The overall size of the team should be kept small in order to ensure that the scope and schedule of testing remains confidential. It is essential to ensure that the information that the White Team has about upcoming testing will not affect the activities by the Blue Team. This should be taken into account in communications between the White Team and its stakeholders.
When organizing a White Team, it is recommended to follow the TIBER-EU White Team Guidance document (pdf).
Blue Team (BT)
The personnel and service providers of the financial entity who are not participating in the White Team have no knowledge of the scope and schedule of testing. This group will continue to work according to normal policies and procedures. In the TIBER-FI procedure and Red Team testing it is essential, that only the White Team is aware in advance of the scope, methods and timing of testing.
After testing is completed, a dedicated Blue Team is formed to report on the testing and the lessons learned. This group consists where applicable of key cyber security and IT personnel in those functions that were tested at the time in question. Service provider personnel may join the Blue Team. The Blue Team will take part in test summaries, walkthroughs and reporting.
Threat intelligence provider
The threat intelligence provider is the entity who prepares the targeted cyber security threat intelligence report pertaining to the financial entity. This report contains intelligence about the cyber security and attack surface of the financial entity. The report contains the same information that an advanced cyber security threat actor would gather when preparing an attack on a target organization and its functions. Red Team testing performed according to TIBER-FI is based on well-formed threat intelligence on those functions identified for testing.

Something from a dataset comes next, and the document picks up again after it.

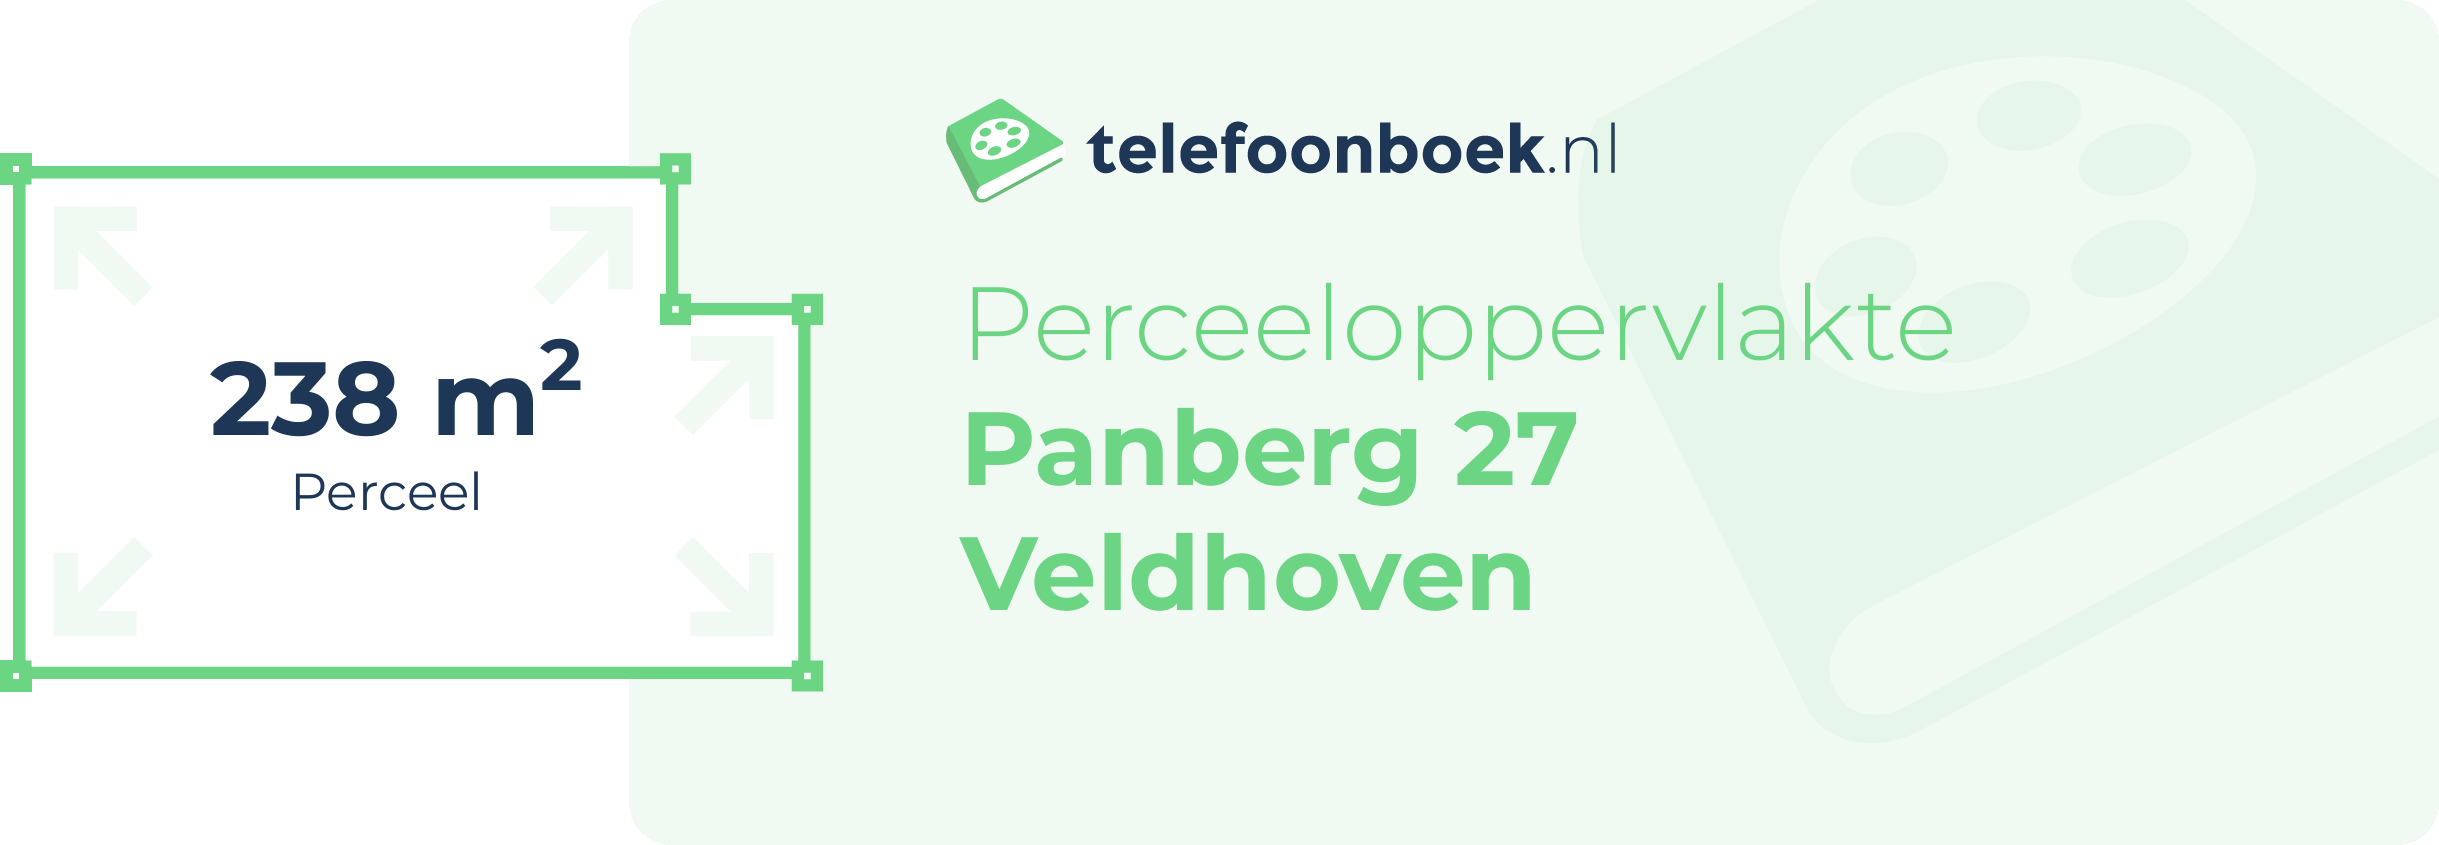 Perceeloppervlakte Panberg 27 Veldhoven

The threat intelligence provider has the capability to gather and combine information from publicly available sources and otherwise, for example by obtaining information through deception from the financial entity’s personnel.
Red Team (RT)
The team performing the operational aspects of the testing is referred to as the Red Team. The Red Team is typically a commercial service provider. When a financial entity has their own internal Red Team, there must be credible controls in place to ensure that the Red Team is independent from the design, implementation and operations of tested information systems. It is essential that the Red Team has the aspect of an external advanced attacker when planning and executing testing.
A good Red Team is composed of professionals with varied sets of cyber security skills, ranging from risk management, penetration testing, targeted attacks, open source intelligence and social engineering. The size of the team varies, based on the specifics of the tested functions and the scope of testing.

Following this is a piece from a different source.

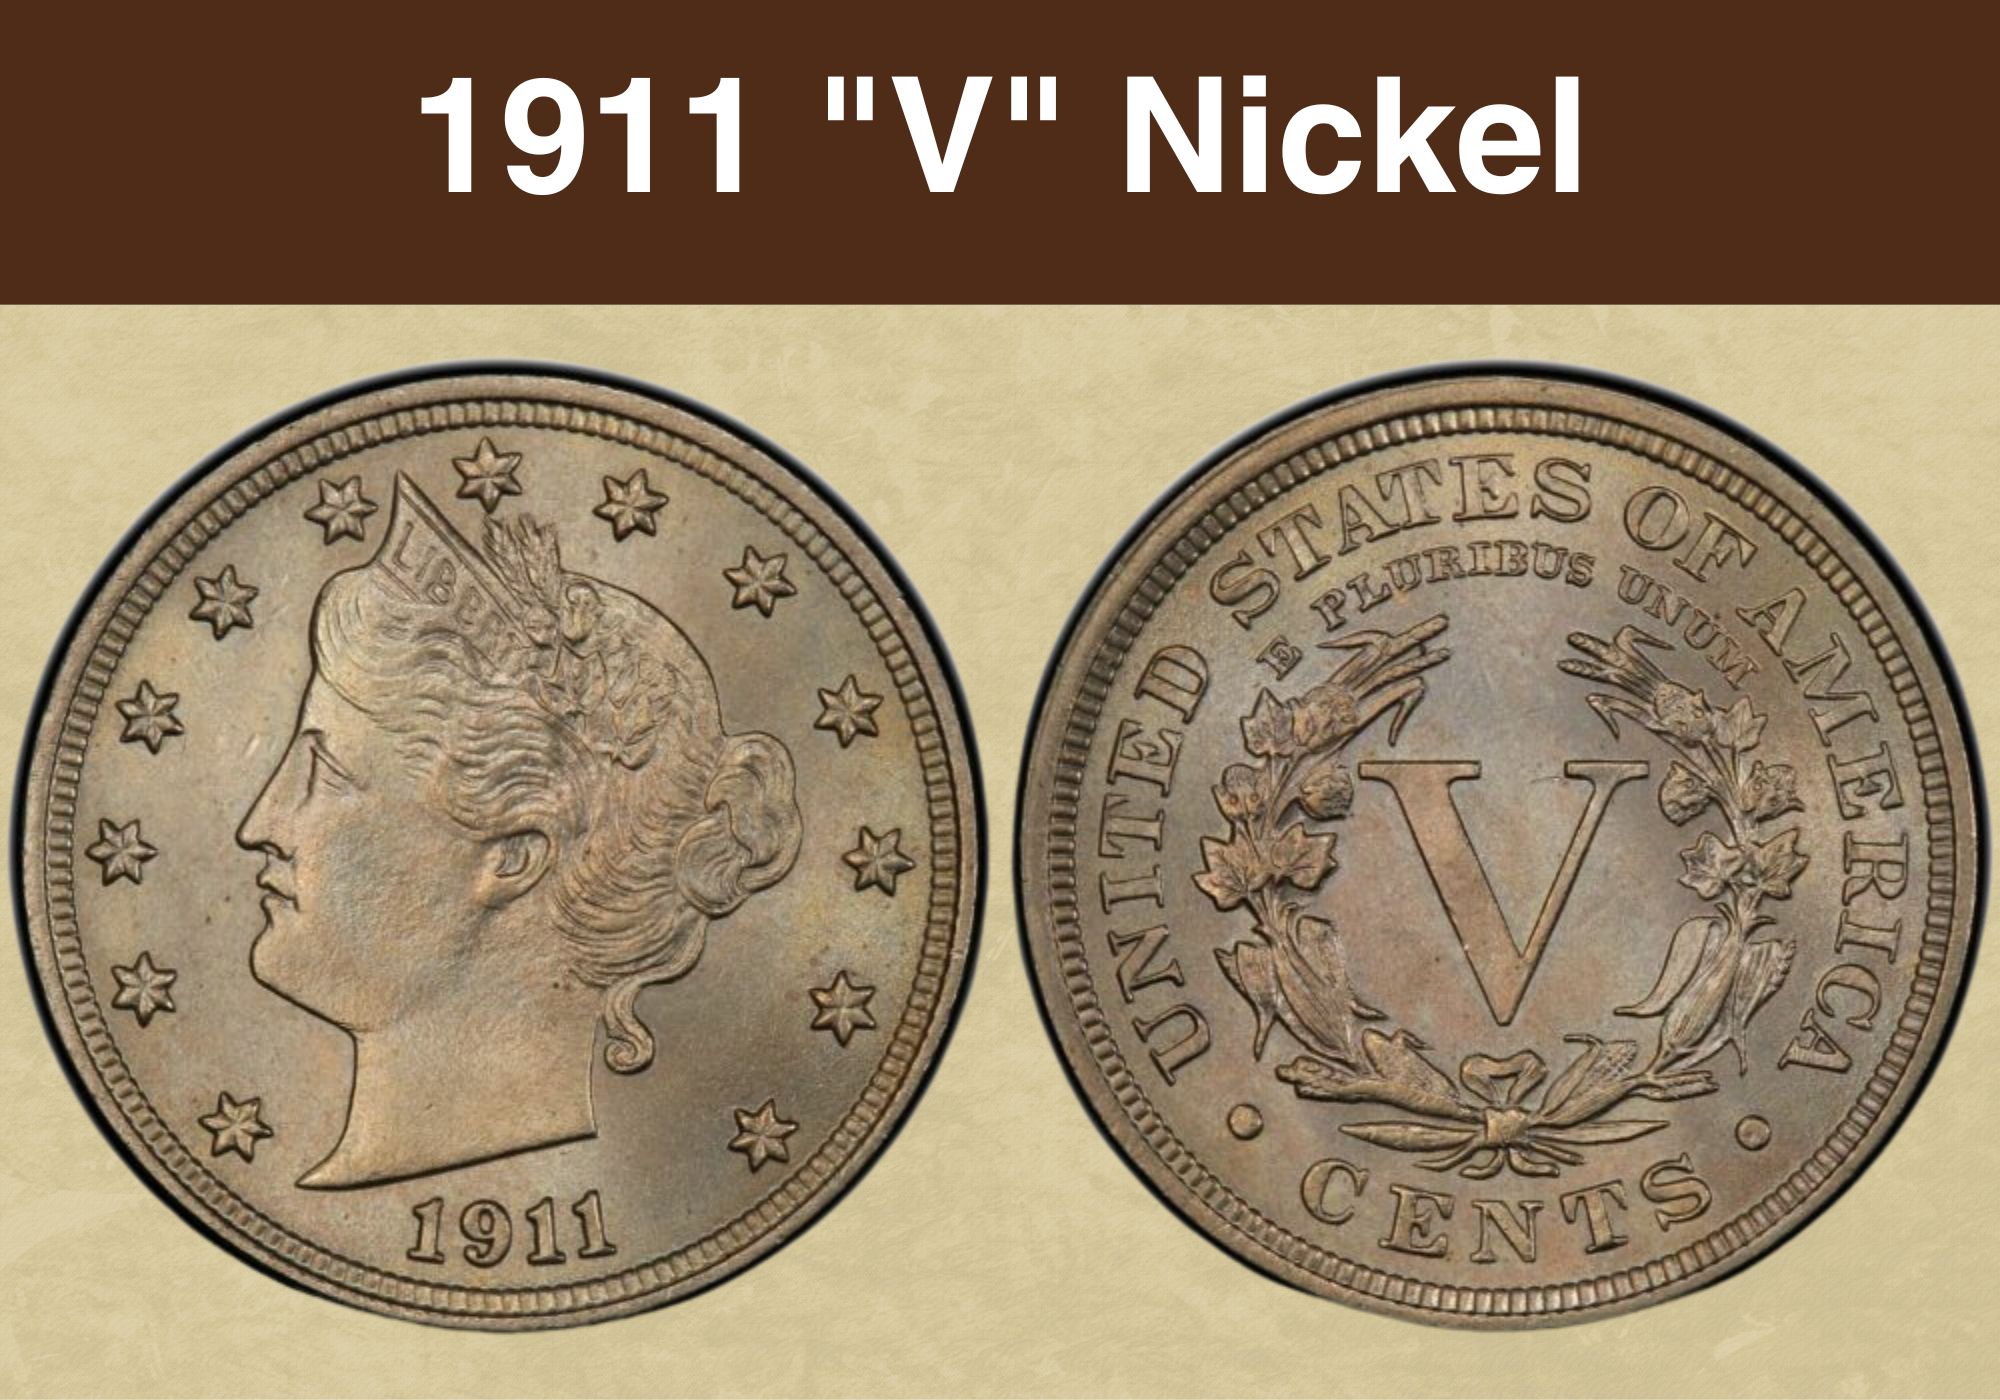 1911 V Nickel Value

Every team has a Red Team Test Manager, who acts as contact person for the team and is responsible for test planning, coordinating the team activities and reporting.
One of the key risk treatment decisions is to select a competent and experienced Red Team for the testing assignment. There is a TIBER-EU guideline about the procurement practicalities (pdf).
Nordic Financial CERT
Nordic Financial CERT (NFCERT) is a non-profit CERT organization for distributing threat information to its members. NFCERT is specialized in serving financial entities.
The Bank of Finland acquires from NFCERT the financial sector general cyber security threat landscape report for TIBER-FI. The report is confidential and available to enrolled entities for the purposes of TIBER-FI testing.